Jika Anda merasa istilah ini sedikit berat, ketahuilah bahwa orang Jepang juga telah menciptakan istilah lain untuk merujuk pada sekilas celana dalam wanita yang dikenal sebagai panchira.
Kami rekomendasikan untuk membaca: Panchira, Pantsu e Shimapan – História das Calcinhas no Japão
Apa yang dipikirkan orang tentang Zettai Ryouiki?
Tren ini mungkin terlihat sedikit sensual, tetapi sebaliknya, ia sering dikaitkan dengan kesucian dan kemurnian. Meskipun demikian, eksposisi paha akhirnya menciptakan diskusi tentang kontribusi untuk pelecehan seksual.
Penampilan kaki dengan cara ini dapat dilihat sebagai cara untuk mengseksualisasi karakter wanita atau gadis-gadis Jepang, membuat mereka menjadi objek keinginan bagi audiens pria.
Meskipun istilah ini tampak lebih seperti jenis pervasi Jepang, patut disebutkan bahwa ini bukan eksklusif Jepang, ada juga istilah dan tren serupa seperti “knee-high socks” atau “thigh high boots”.

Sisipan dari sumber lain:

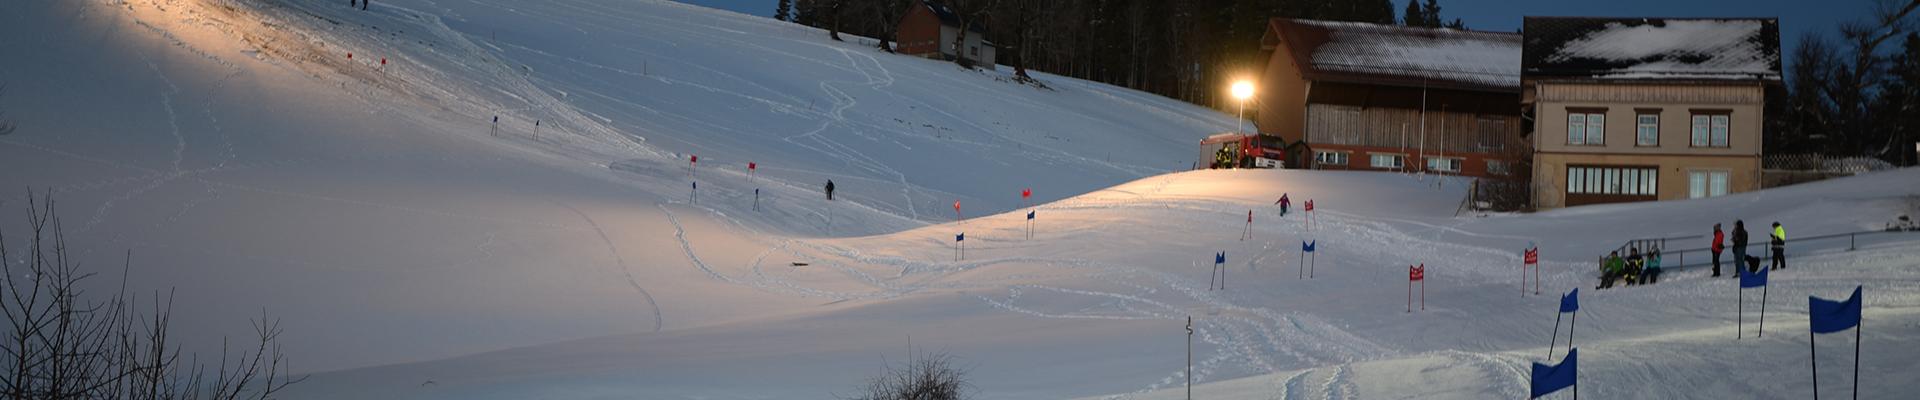 Rechtobler Dorfskirennen: Samstag, 19. Januar 2019

Zettai Ryouiki diadopsi oleh pemuda di luar dunia Otaku, dan beberapa orang mungkin melihatnya sebagai cara untuk menunjukkan kepercayaan diri dan harga diri. Beberapa menganggap tren ini sebagai bentuk pemberdayaan perempuan.
Bahkan beberapa anggota komunitas otaku menganggap istilah ini menyinggung, sementara yang lain tidak menganggap apa-apa dan banyak gadis masih menggunakan istilah ini. Apa yang Anda pikirkan tentang topik ini? Saya harap Anda menikmati artikel ini dan kami berterima kasih atas komentar dan pembagian.